TASK INSTRUCTIONS. A faithful copy of the data is the goal; set it down exactly, without the images.

[Collected data entries]
____________________
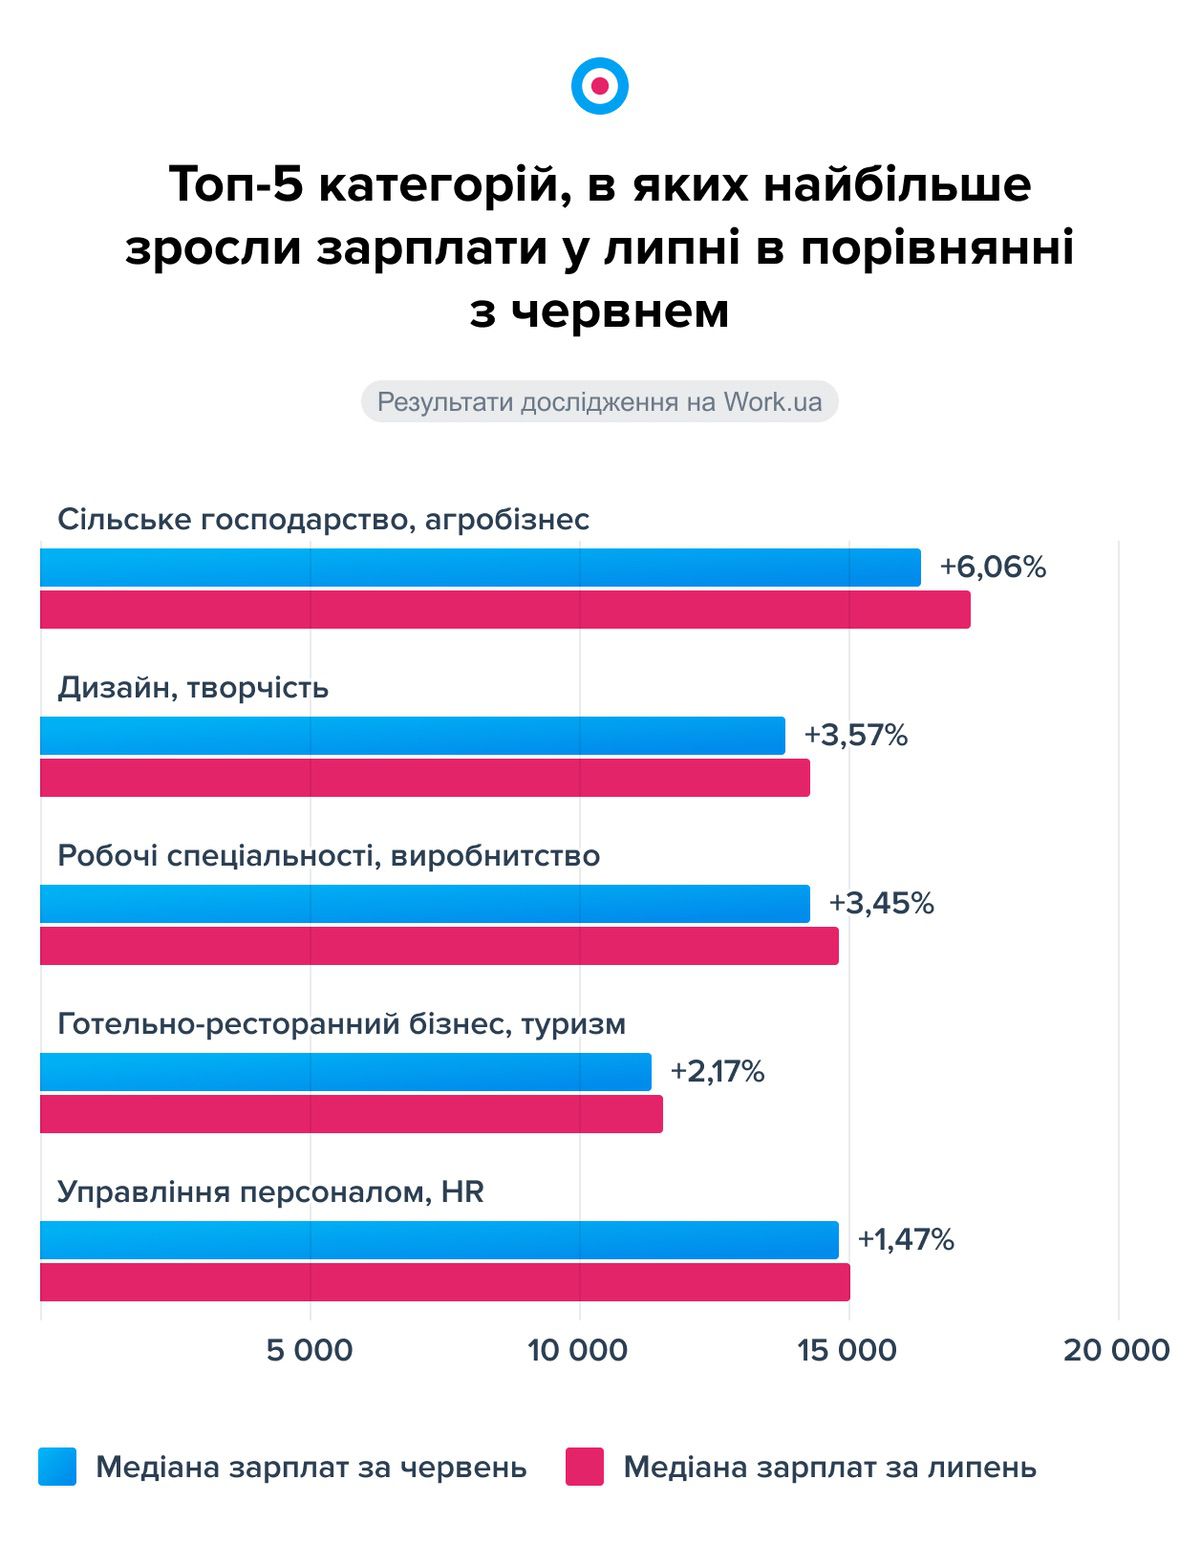 Not only IT: according to Work.ua, the labor market grew by 14% in July
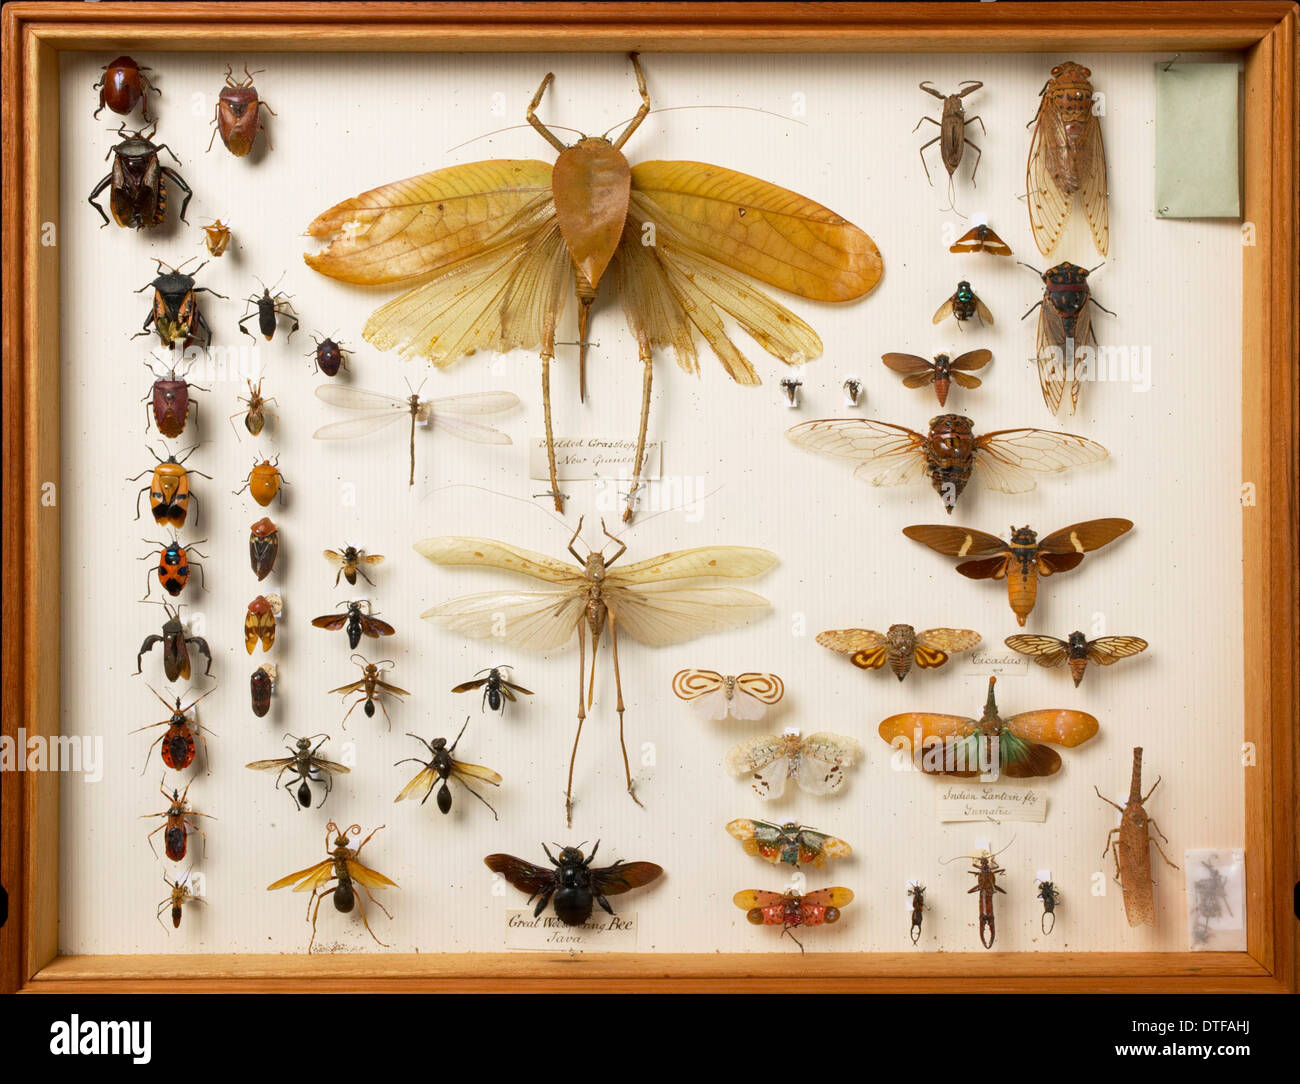 Specimens of crickets and other insects from the Wallace Collection Stock Photo
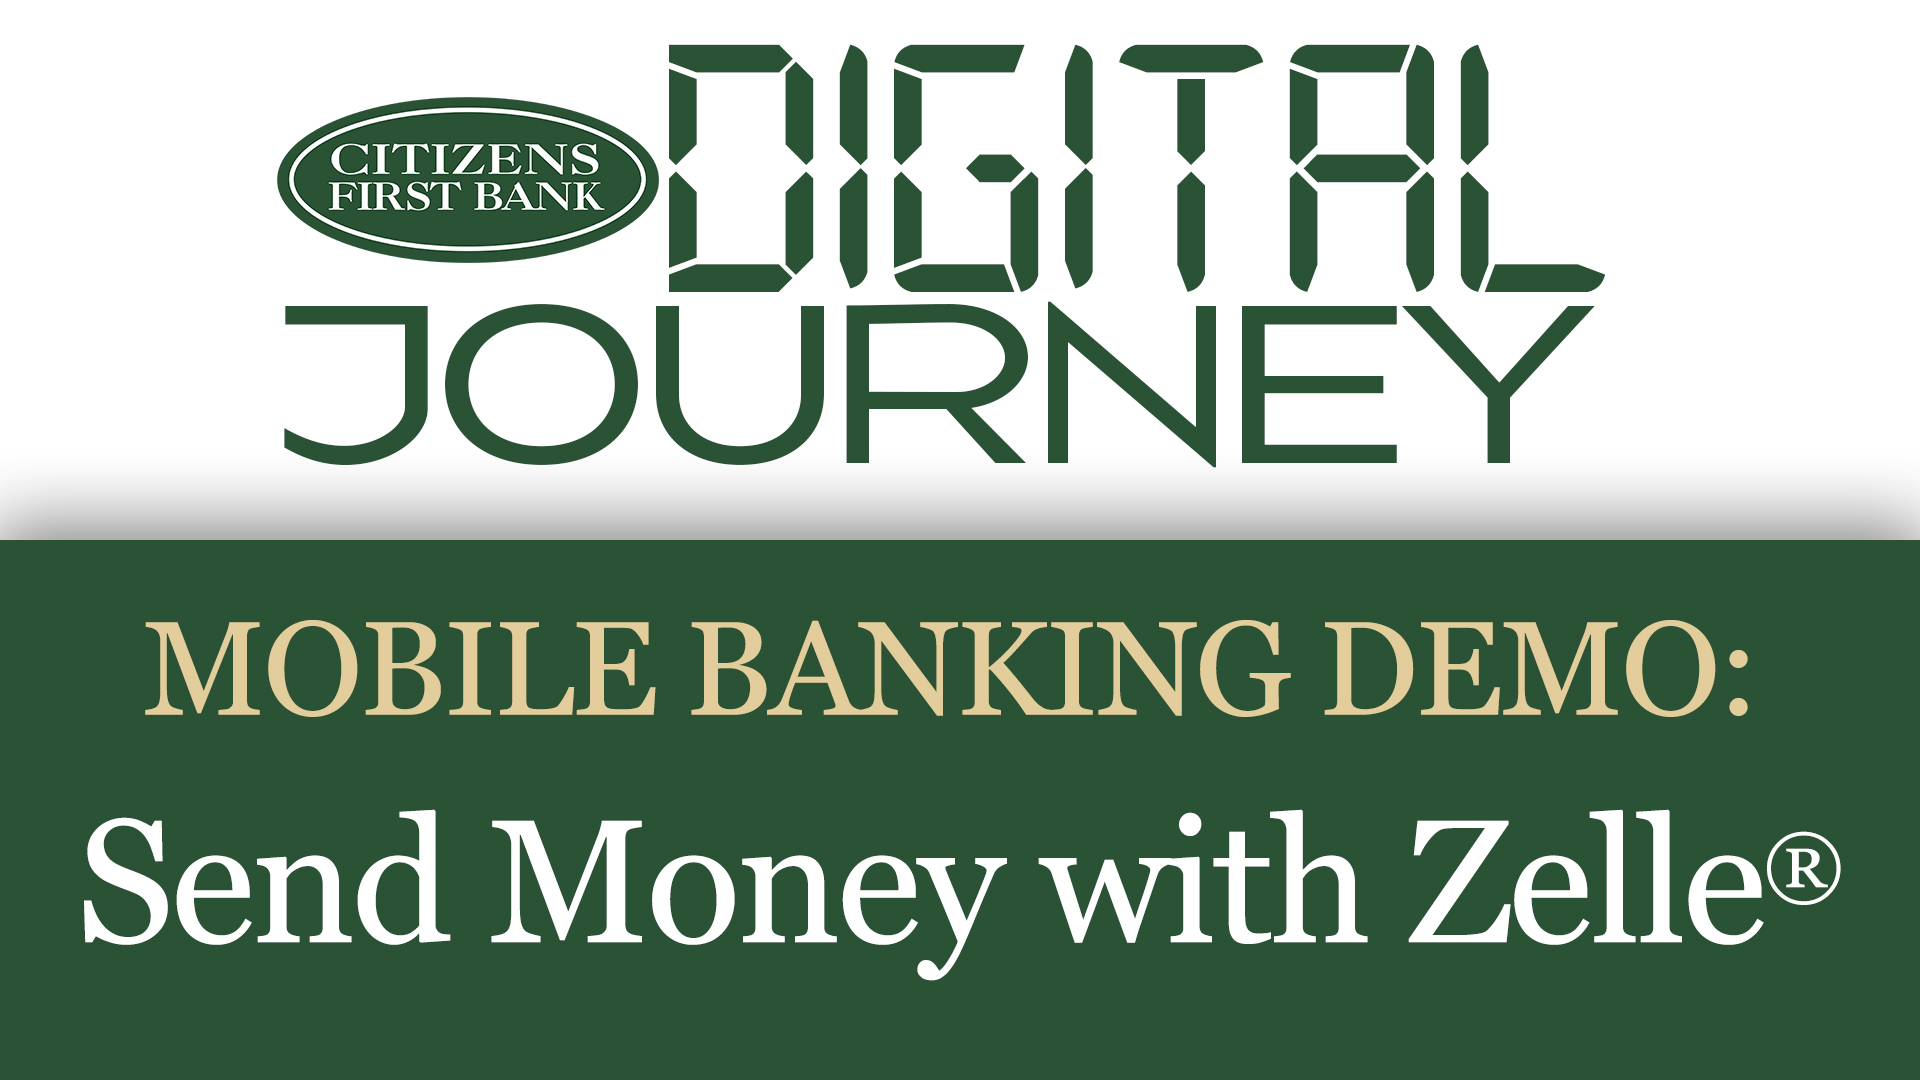 Digital Journey logo with our mobile banking demo: Send Money with Zelle®
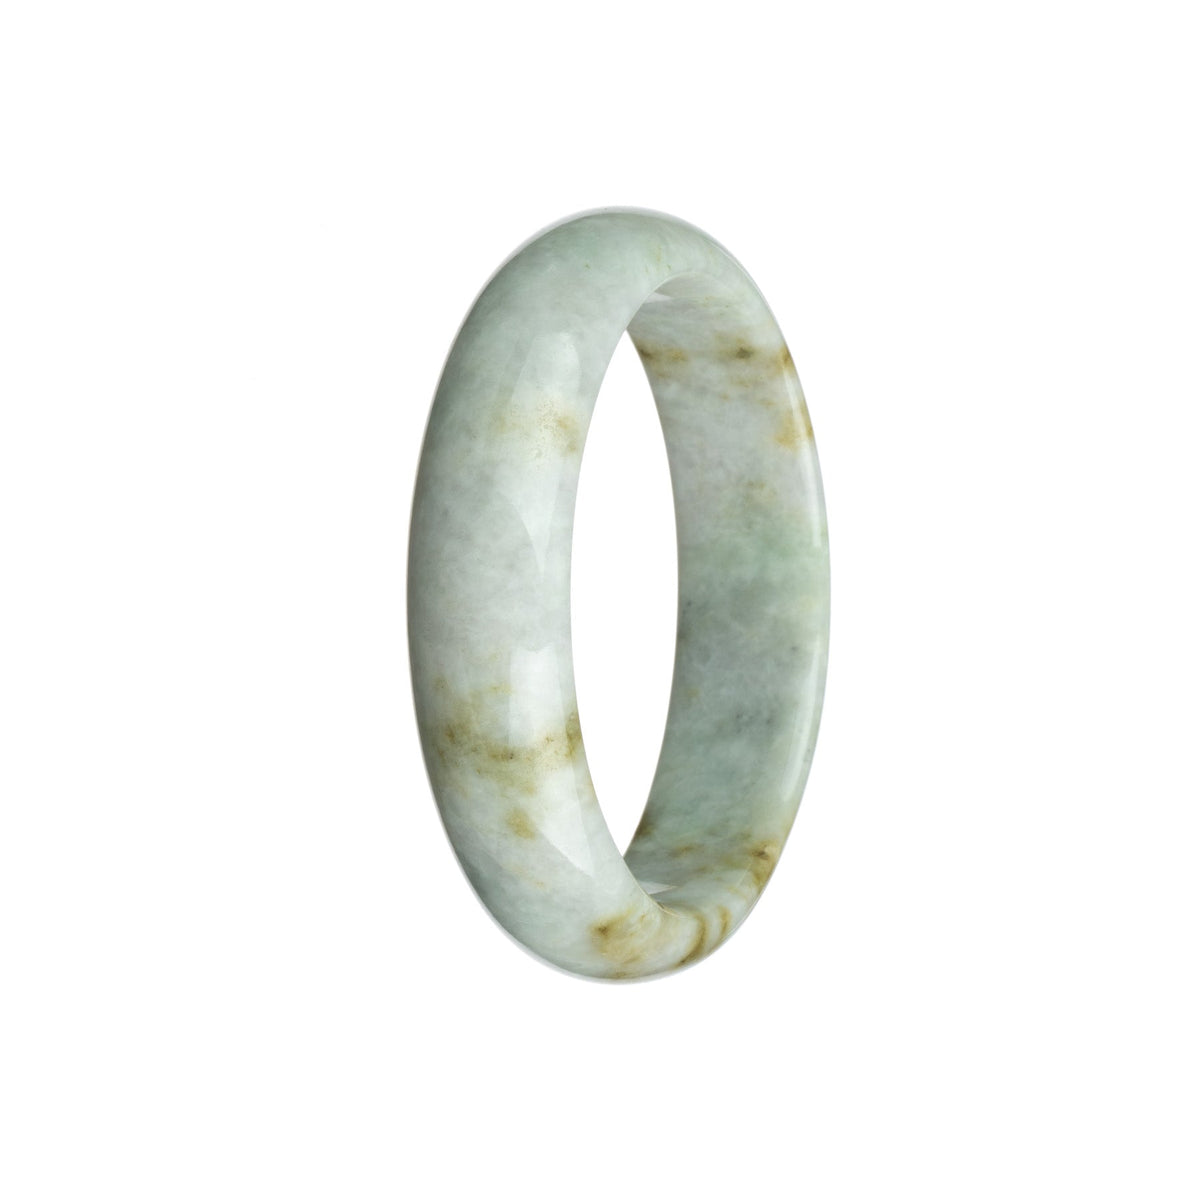 An elegant traditional jade bracelet with a certified untreated white stone featuring a beautiful brown pattern, shaped like a 58mm half moon.
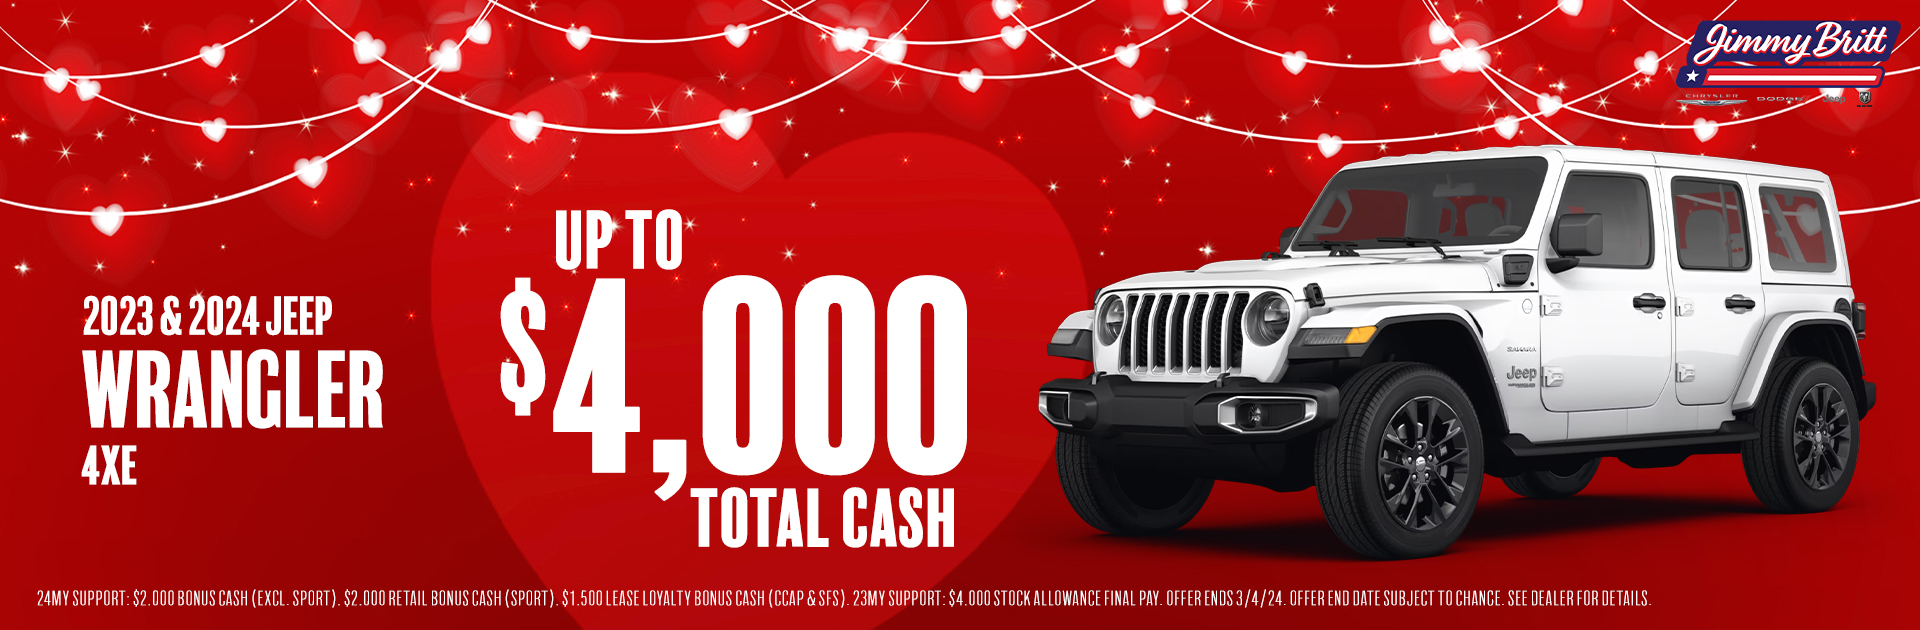 2023 & 2024 Jeep Wrangler 4XE: Up to $4,000 total cash!
____________________
WRITTEN REPLY.
 Not only IT: according to Work.ua, the labor market grew by 14% in July
 Specimens of crickets and other insects from the Wallace Collection Stock Photo
 Digital Journey logo with our mobile banking demo: Send Money with Zelle®
 An elegant traditional jade bracelet with a certified untreated white stone featuring a beautiful brown pattern, shaped like a 58mm half moon.
 2023 & 2024 Jeep Wrangler 4XE: Up to $4,000 total cash!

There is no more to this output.